Now when that is settled (or rather I hope it is, lol) I would like to ask a question and imply another, if You allow me.
Is there, along what You see, any hope that anything we do/discuss here under this topic could considerably help general attitudes towards sex with underaged in particular and sexual behaviour in general? Is there evident possibilities to straighten and improve the quality of stories in Library in order to again sensitize readers with important matters?
I am sorry I express my thoughts in quite clumsy way, but I believe you read my intention correctly.


----------



## Green Eyed Fairy

Tsap said:


> Ok, please let me get this straight for ME, so I'd understand better what I try to say. First of all, I have read Max's last story like probably all his stories - and even while finding them with sexual content I never imagined they would really glorify injustices to anyone. There are/were stories in the library that disturbed me with some of their contents but they were not his and I definitely took it he was not referring to them.
> I have likewise read Your stories and thought highly of them in many respects, by the way.
> Now when that is settled (or rather I hope it is, lol) I would like to ask a question and imply another, if You allow me.
> Is there, along what You see, *any hope that anything we do/discuss here under this topic could considerably help general attitudes towards sex with underaged in particular and sexual behaviour in general?* Is there evident possibilities to straighten and improve the quality of stories in Library in order to again sensitize readers with important matters?
> I am sorry I express my thoughts in quite clumsy way, but I believe you read my intention correctly.




I think you are trying to act as a peacemaker of some sort- or that is my guess. 
Thank you for your kind words about my own stories. I wasn't "picking on" Max's stories but was rather answering to the point he attempted to make in one post that I quoted. 

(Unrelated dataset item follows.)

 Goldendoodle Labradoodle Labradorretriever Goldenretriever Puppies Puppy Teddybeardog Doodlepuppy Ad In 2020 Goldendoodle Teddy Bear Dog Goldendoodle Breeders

All that being said, I really am not quite sure what you mean by the bolded part of your post. Are we trying to make it seem like a good thing? Just trying to "lighten up" the general attitude about it? 
What exactly is the goal when it comes to sex with underage characters in stories in the Dims library?


----------



## KHayes666

katorade said:


> Both of those are fictional accounts, not historical, nor are they regarded as such. What's your point?



Actually most elementary schools teach students that Paul Revere was the true midnight rider, Christopher Columbus tried to prove the world was round and other Liberty Valance situations.

The legends became facts as the years went by, so the legends were printed and reprinted throughout the years. Fictional accounts turned into historical accounts, which makes my point.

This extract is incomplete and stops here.